I'm also not yet convinced about the Cylon Leaders idea. This might be because I had a uniquely poor agenda to follow, but I'm not convinced; I think it's just as likely that said agenda revealed the flaw in the system. Other than to make sure the Cylons won, my only aim was to either end the game in the brig or detention, or be executed at least once. This meant the potential double-dealing and politicking that might otherwise have been involved was replaced by deliberately trying to wreck as much shit as possible so I would be dragged to the nearest airlock and introduced to Mr Vacuum. The fact that I was neither able to do a massive amount of damage to the fleet whilst making no effort to hide was not particularly encouraging, but the main problem was that the human players were in agreement that sending me to either the brig or the void was a waste of time since I'd immediately come back in a different body in any case. If a punishment system is so unappealing that you don't want to consider it for a player desperately trying to wreck your entire game plan, then something has gone wrong somewhere.

On the other hand, Red November is great fun, a lovely little quick game with plenty of character.

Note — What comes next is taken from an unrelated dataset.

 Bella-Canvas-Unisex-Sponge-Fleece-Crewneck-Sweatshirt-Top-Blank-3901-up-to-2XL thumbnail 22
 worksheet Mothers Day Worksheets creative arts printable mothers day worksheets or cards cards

The mechanic of replacing turns with minutes, and thus always allowing the player furthest "back in time" to have the next move is brilliant, and in any case I think there's a strict limit on how much bad things you can say about a game that forces you to ponder whether or not you're already too pissed to down the bottle of grog you need to make stabbing a Kraken to death a little easier. Of course, my viewpoint is a little coloured. Not only was I slightly drunk when I played it (Ooh! Red November drinking game: every time your gnomes polishes off a bottle of grog, you have to drink a beer), but I had an eye on the England game, which means I could have been playing Monopoly (most hated of all games!) and I probably would have appreciated the distraction.

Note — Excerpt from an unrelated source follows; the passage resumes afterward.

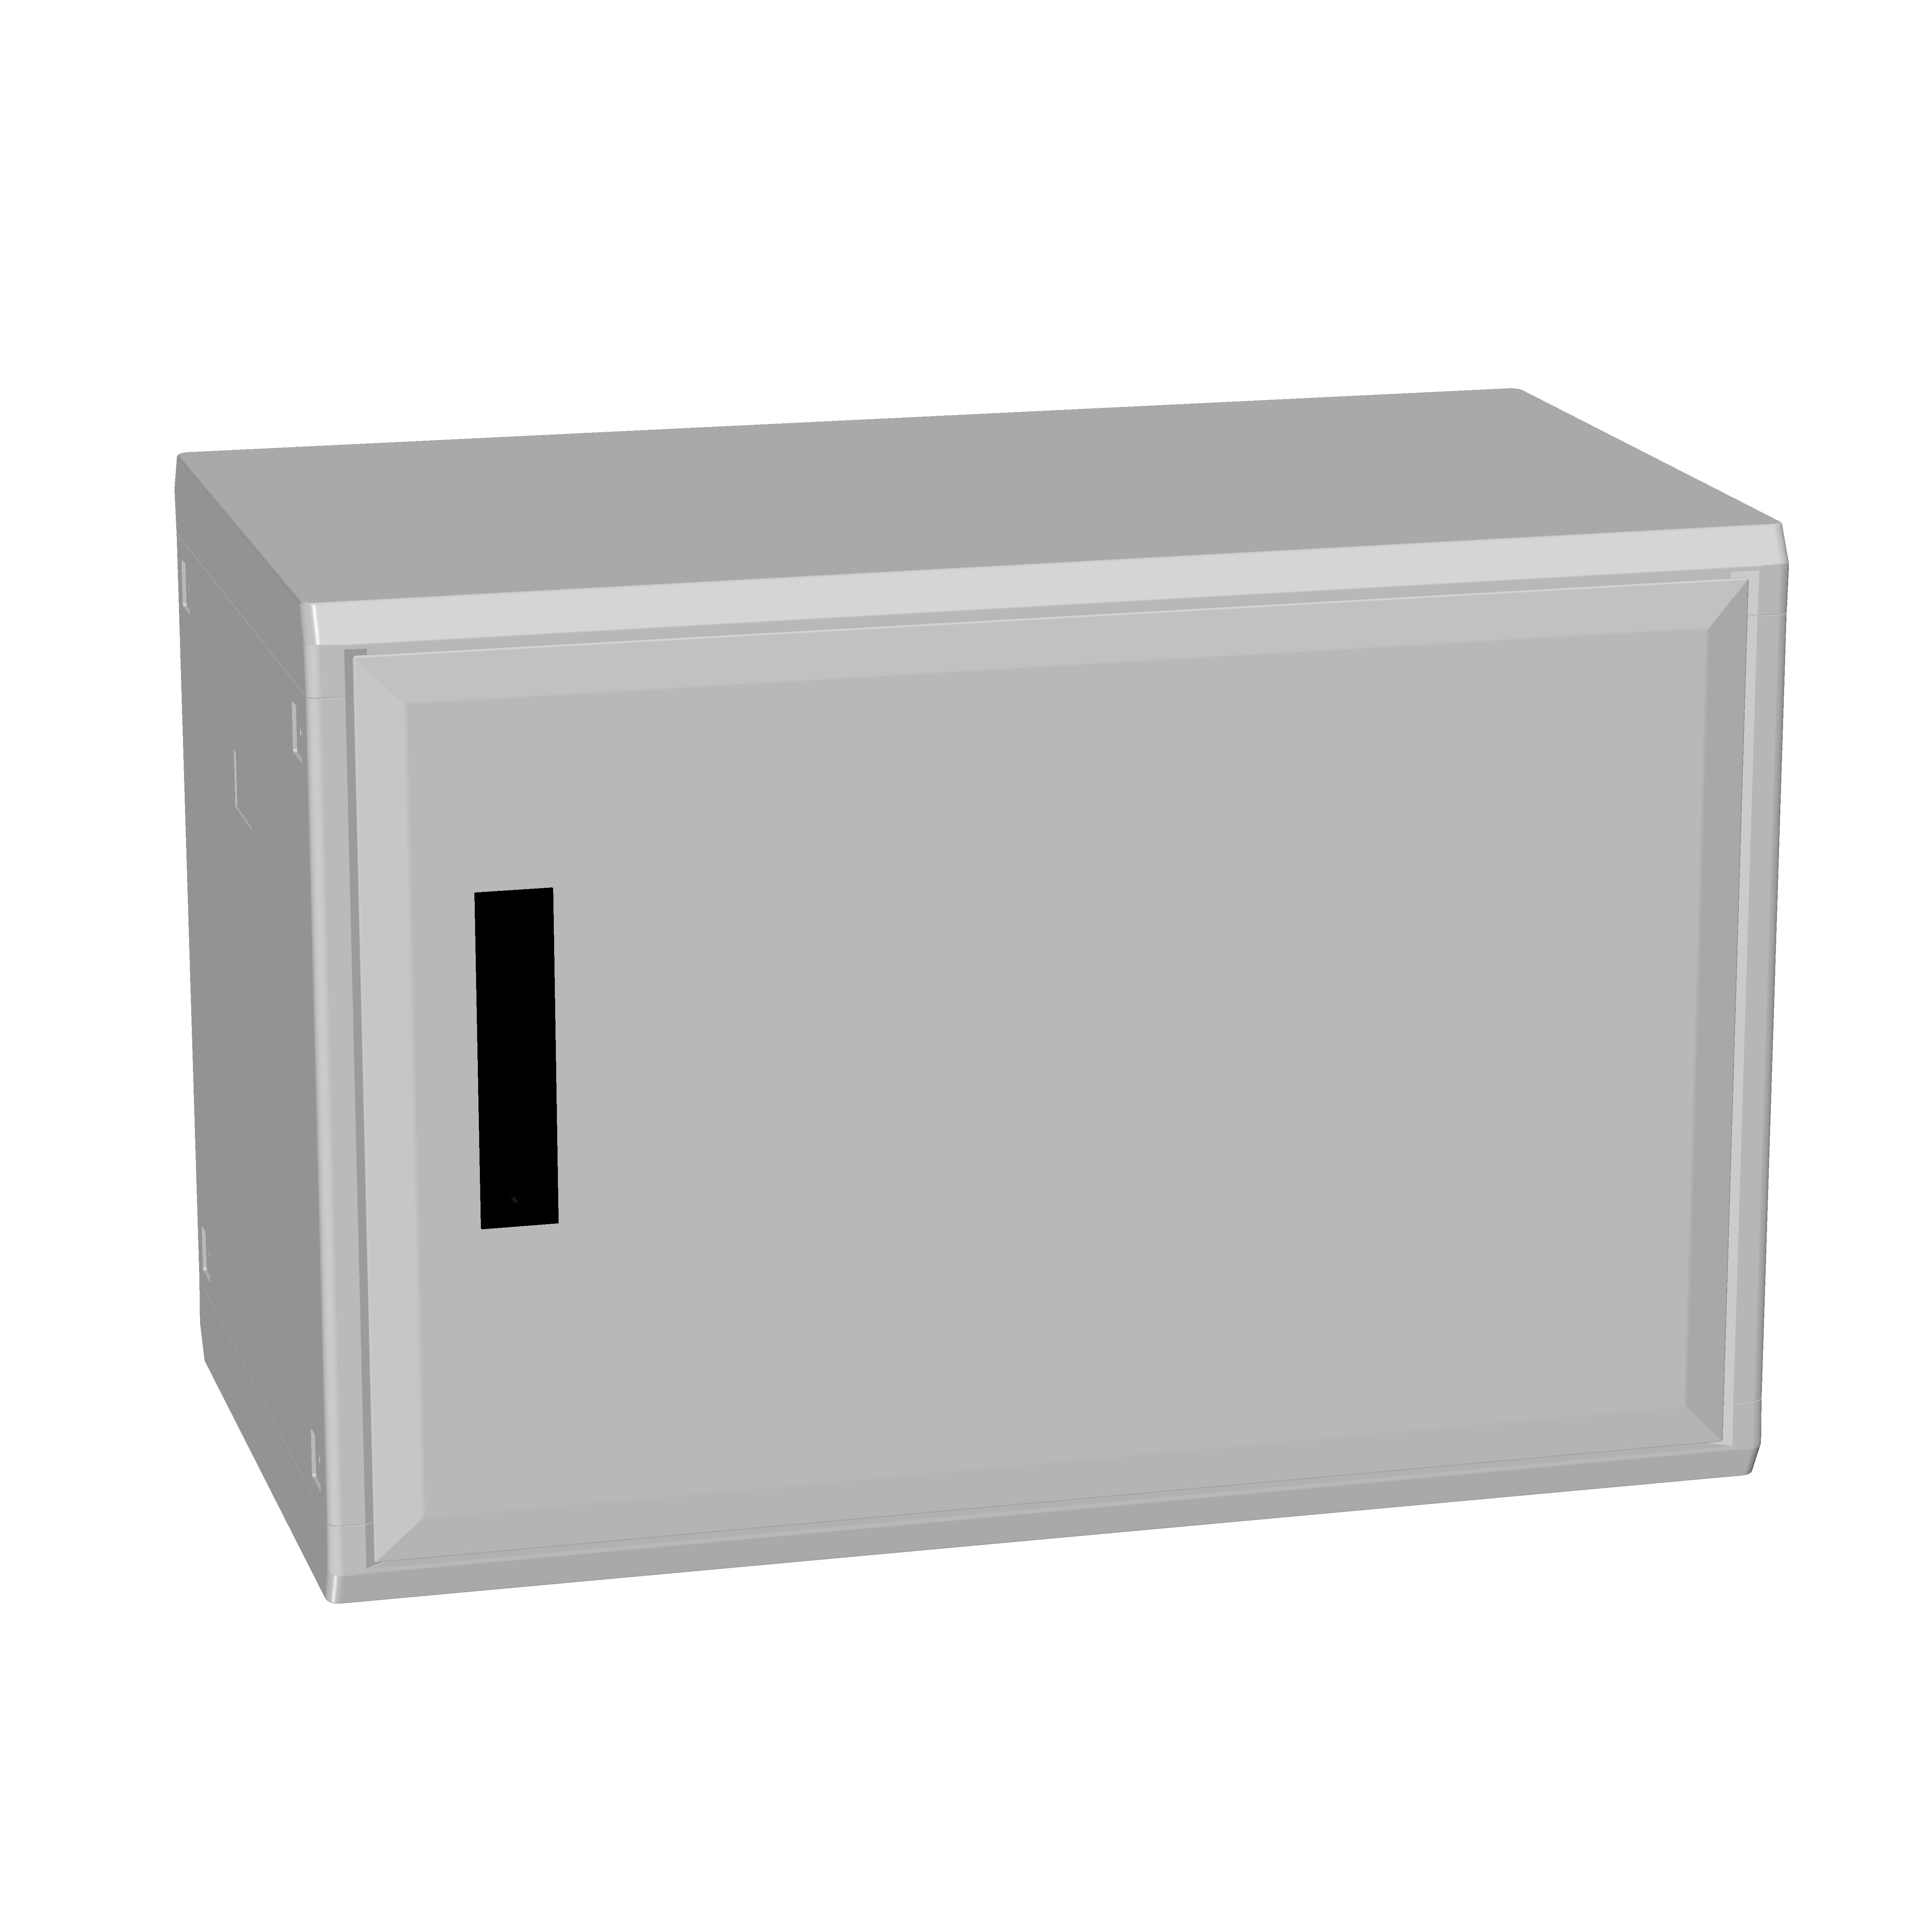 1 Stk Polyesterschrank, eintürig, 500x750x432 POCC2340--

It's also worth noting that, according to Garathon, the game was originally conceived as "Rescue the Kursk", before presumably being considered too legally tricky/in bad taste. It does make me wonder how much the game changed between iterations, though. As difficult as it might be to sell a game based on the tragic deaths of over one hundred sailors, one imagines it would be exponentially harder once your core game mechanic involves fuelling your repair attempts by stealing the captain's vodka.

Friday, 25 June 2010

Much Better Bloggers

David Brothers over at 4thletter! is without a doubt one of my favourite comic bloggers. The guy is undeniably smart and knows how to put together a good argument.

Well, last week he wrote a post in response to something I had said to him, and having only just realised this fact today (clearly I chose the wrong week to bury myself in my work), I thought I'd flag it up. David's initial post is here, and his response to my question (which includes my own comment) is here.

I've emailed my response to David directly, so I won't repeat it in full here. The short version, however, is that I feel we may have been talking at cross purposes. David may be using "statistics" to refer to specific numerical soundbites rather than the discipline, which was the sense in which I was applying the term.

I also think we need to consider that whilst David's experience and knowledge regarding race in America means he could get further talking about the subject without statistics than I ever could with them, that reflects poorly on my knowledge of the subject, not on the use of statistics themselves. In other words, Squid + Statistics < David < David + Statistics.

Anyway, it's a great article, and I'm delighted I helped create it in some small way.